-- Stored data follows --

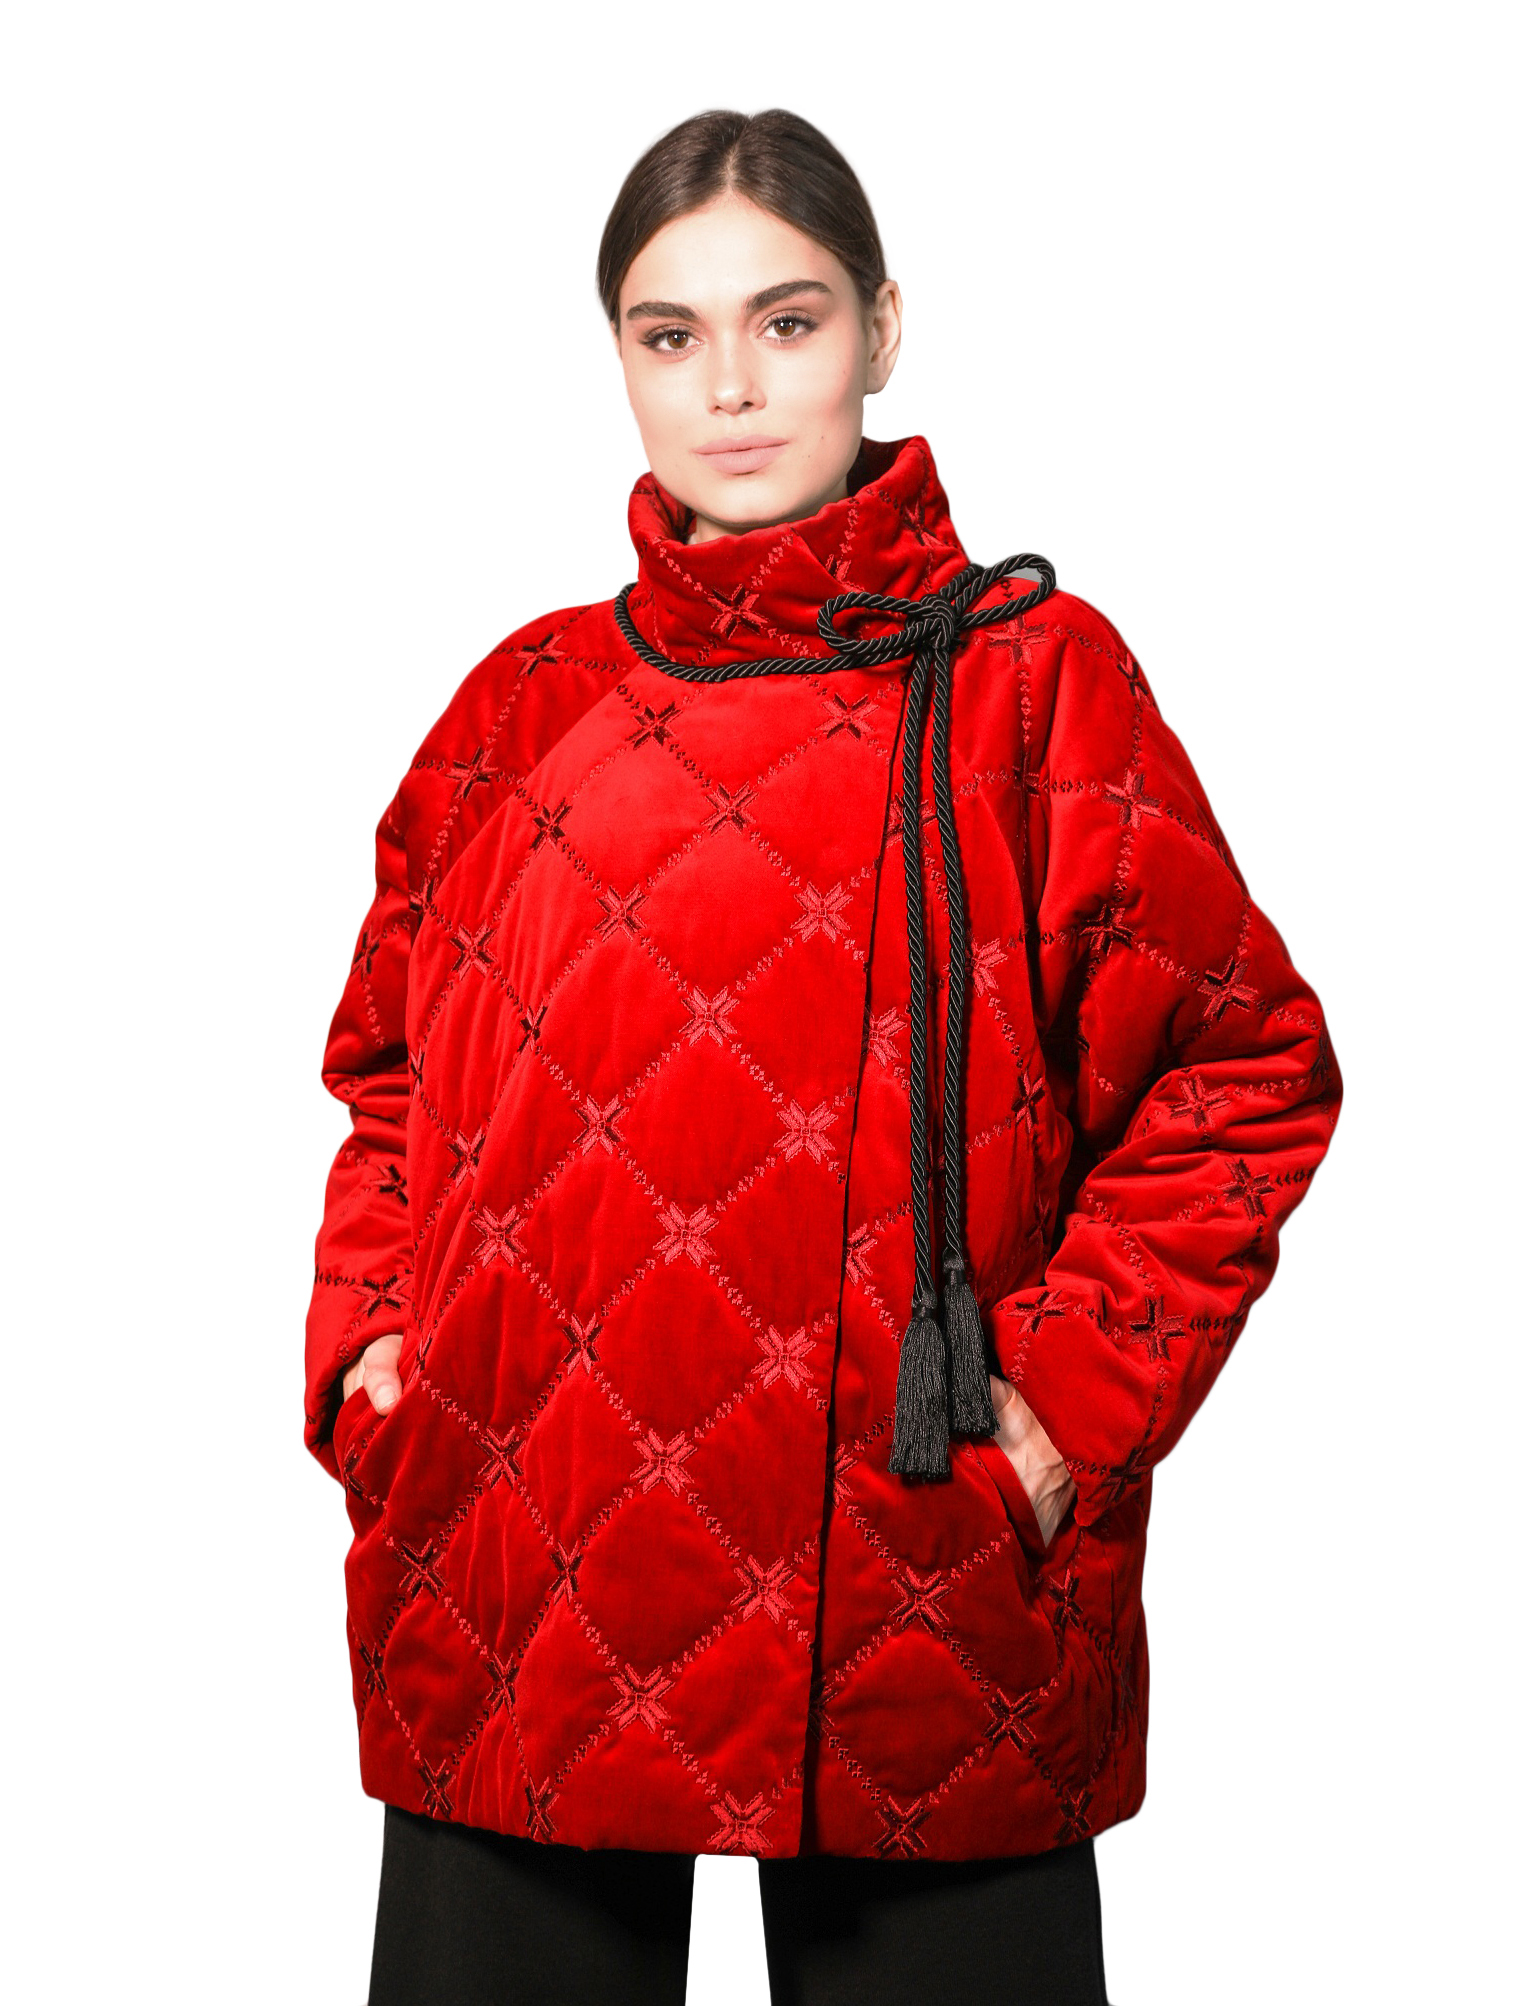 Velvet bomber jacket with embroidery
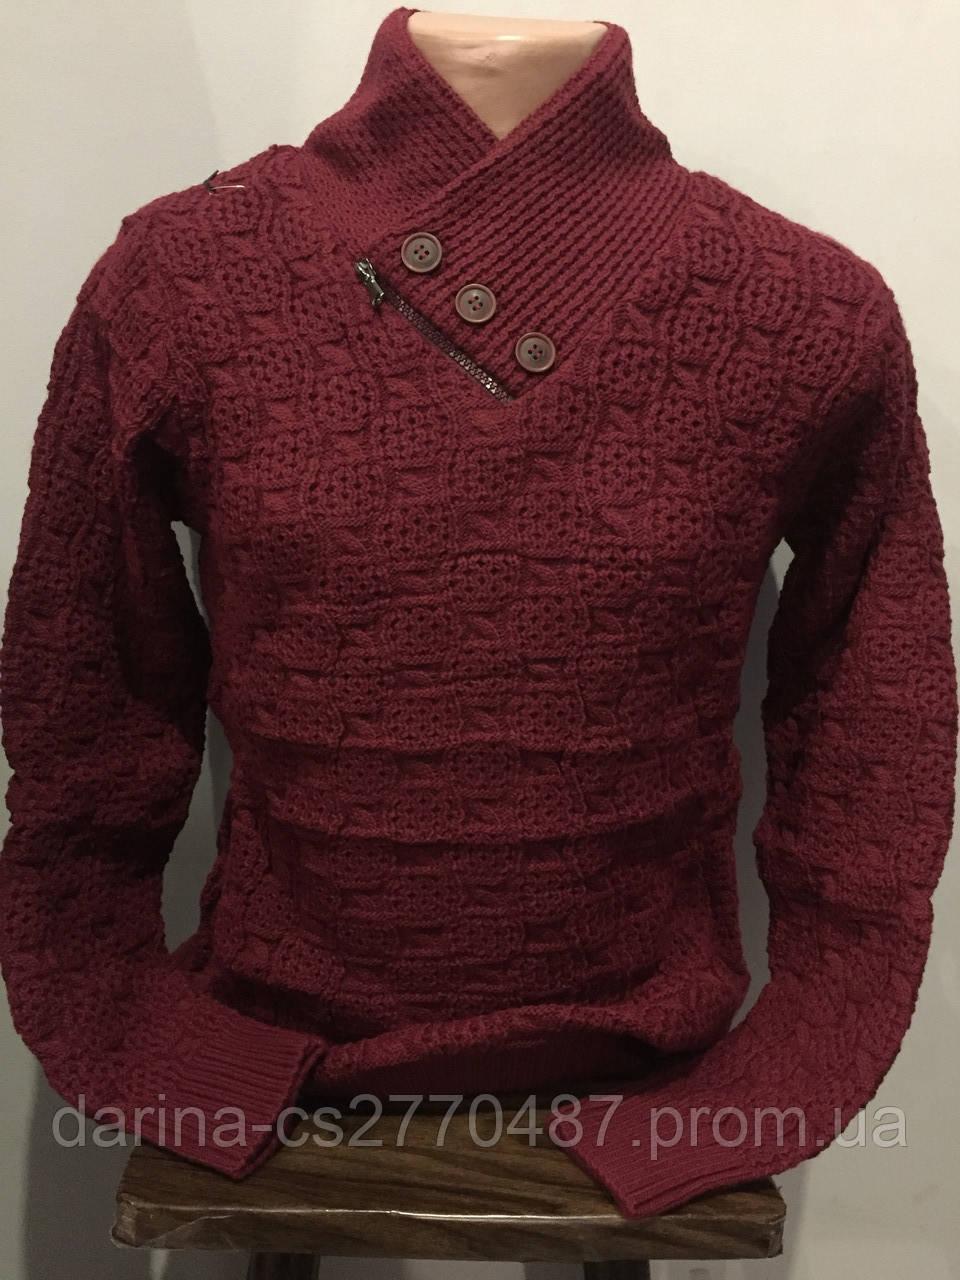 Теплый свитер для мужчины M,L,XL
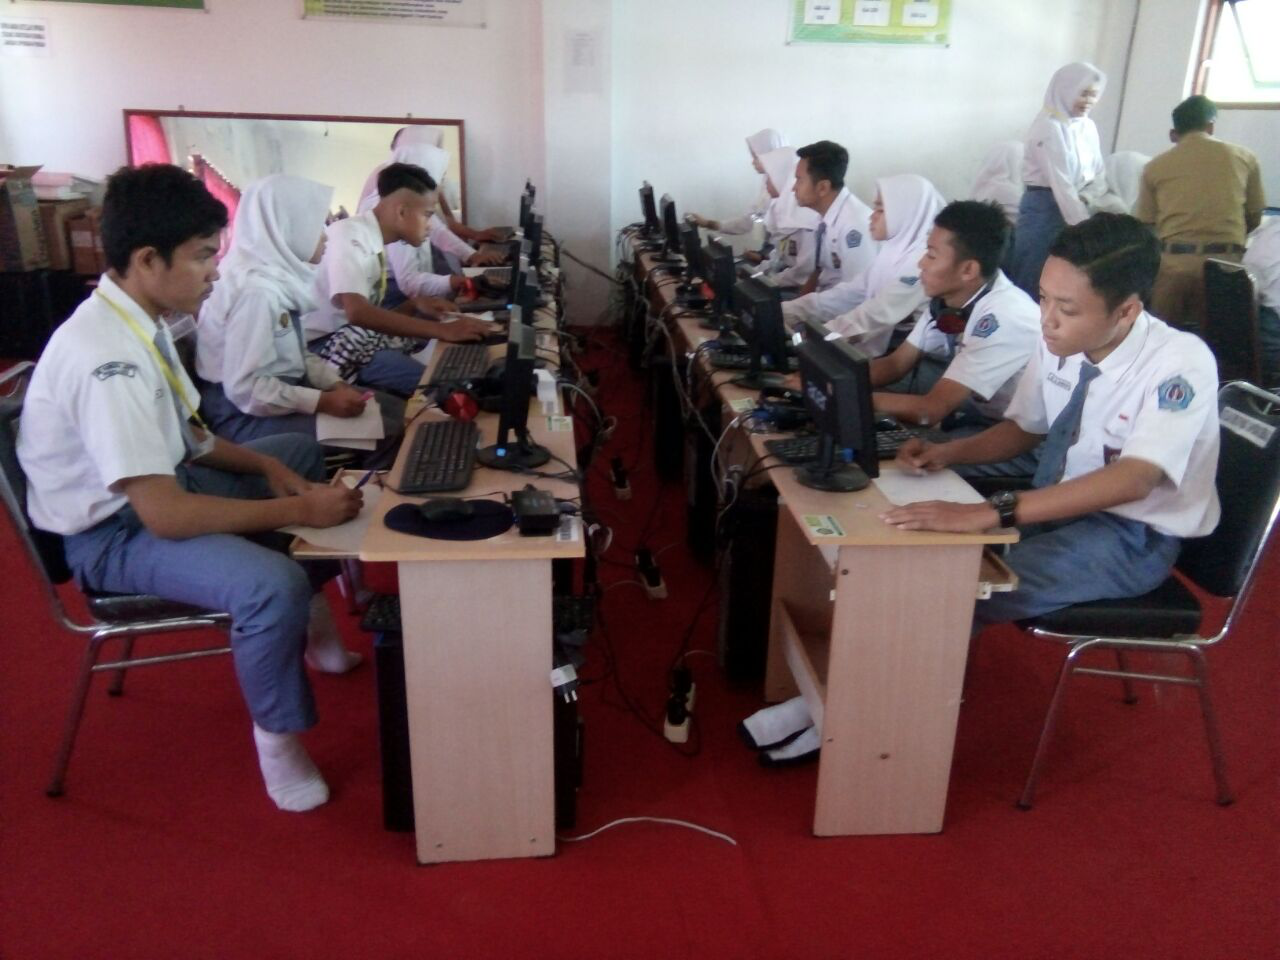 LibertyTourismHighSchoolInIndonesia-sharedcomputingsolution03.png

-- Stored data concluded --

** Aim of the task **
Write out the material above once more, word for word. Images stay out.

** The answer **
 Velvet bomber jacket with embroidery
 Теплый свитер для мужчины M,L,XL
 LibertyTourismHighSchoolInIndonesia-sharedcomputingsolution03.png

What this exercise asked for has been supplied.